Explaining why she was ordering a special master review for material potentially covered by executive privilege, Cannon said that the Justice Department had not convinced the court that those concerns should be "disregarded," as she went on quote from how the Supreme Court described its move in a dispute this year over Trump January 6 documents, including a statement from Justice Brett Kavanaugh.
The DOJ had "arguably overstate[d] the law," Cannon wrote, when asserting that executive privilege had no "role to play here because Plaintiff -- a former head of the Executive Branch -- is entirely foreclosed from successfully asserting executive privilege against the current Executive Branch."
"The Supreme Court did not rule out the possibility of a former President overcoming an incumbent President on executive privilege matters," Cannon wrote.
She quoted from both the 1977 decision Nixon v. Administrator of General Services and from the order released this year by the Supreme Court when it refused to block the Archives' release to House January 6 investigators Trump White House documents.
"Further, just this year, the Supreme Court noted that, at least in connection with a congressional investigation, '[t]he questions whether and in what circumstances a former President may obtain a court order preventing disclosure of privileged records from his tenure in office, in the face of a determination by the incumbent President to waive the privilege, are unprecedented and raise serious and substantial concerns,'" Cannon wrote, quoting from the Supreme Court order.
Cannon added a line from a statement Kavanaugh wrote with that Supreme Court order: "A former President must be able to successfully invoke the Presidential communications privilege for communications that occurred during his Presidency, even if the current President does not support the privilege claim. Concluding otherwise would eviscerate the executive privilege for Presidential communications."
Jumping off of those quotes from the Supreme Court, Cannon wrote Monday that "even if any assertion of executive privilege by Plaintiff ultimately fails in this context, that possibility, even if likely, does not negate a former President's ability to raise the privilege as an initial matter."
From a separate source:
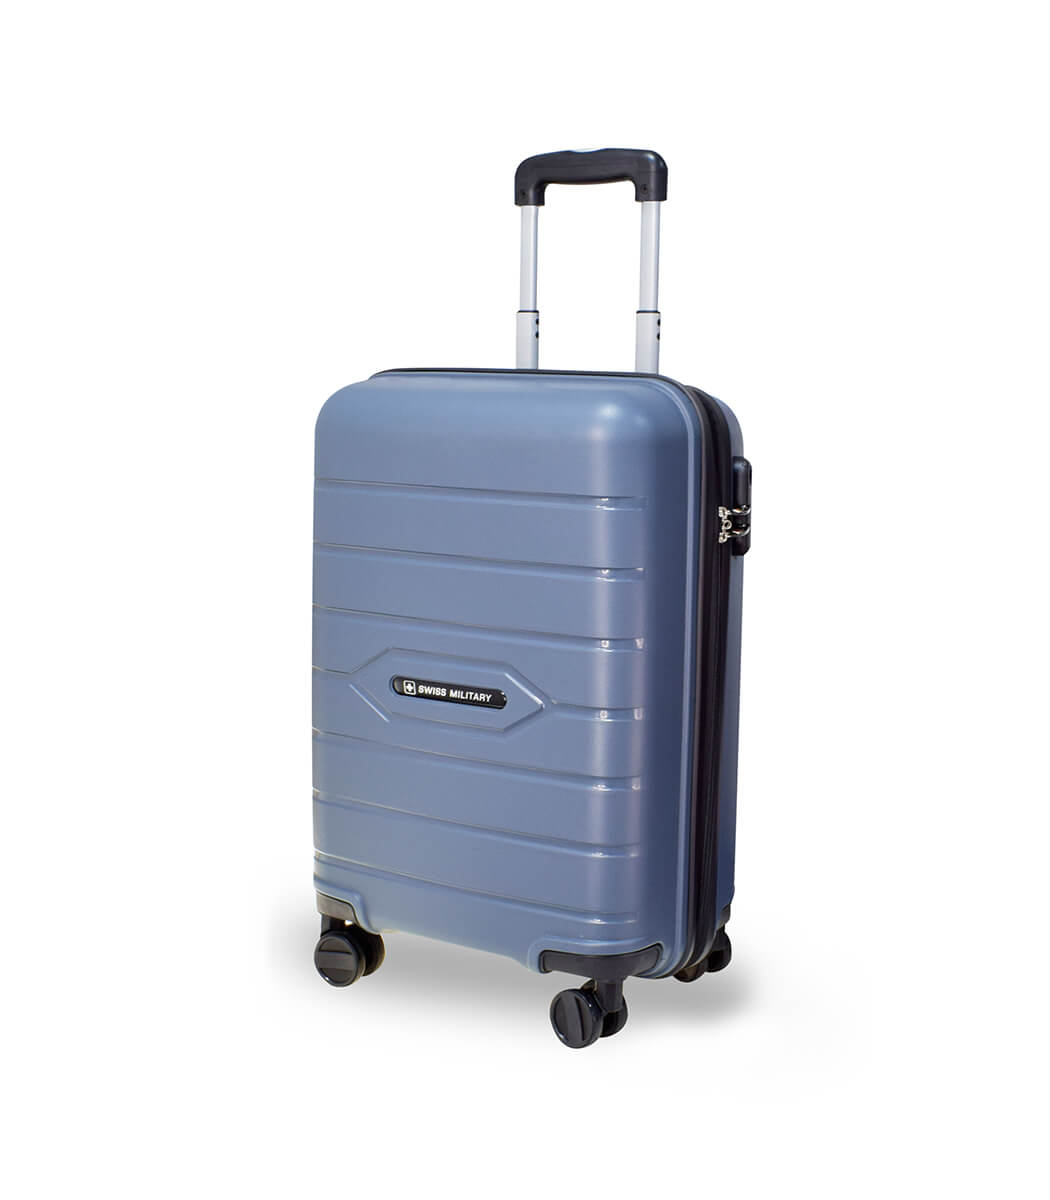 HTL99 - Hard-Top 20inch Trolley Luggage

Cannon of the Southern District of Florida, was nominated by Trump to the bench in May 2020 and confirmed by the Senate in a 56-21 just days after the presidential election in November 2020.
She previously served as an assistant US attorney in Florida in the Major Crimes Division and as an appellate attorney, according to written answers she gave to the Senate during her confirmation process.
A University of Michigan Law School graduate, Cannon clerked for a federal judge and later practiced law at a firm in Washington, DC, where she handled a range of cases, including some related to "government investigations," she told the Senate.
At her 2020 nomination hearing, Cannon thanked members of her family and shared the impact of their experience on her own life.
"To my loving mother ... who, at the age of 7, had to flee the repressive Castro regime in search of freedom and security, thank you for teaching me about the blessing that is this country and the importance of securing the rule of law for generations to come," she said.
This story has been updated with additional details.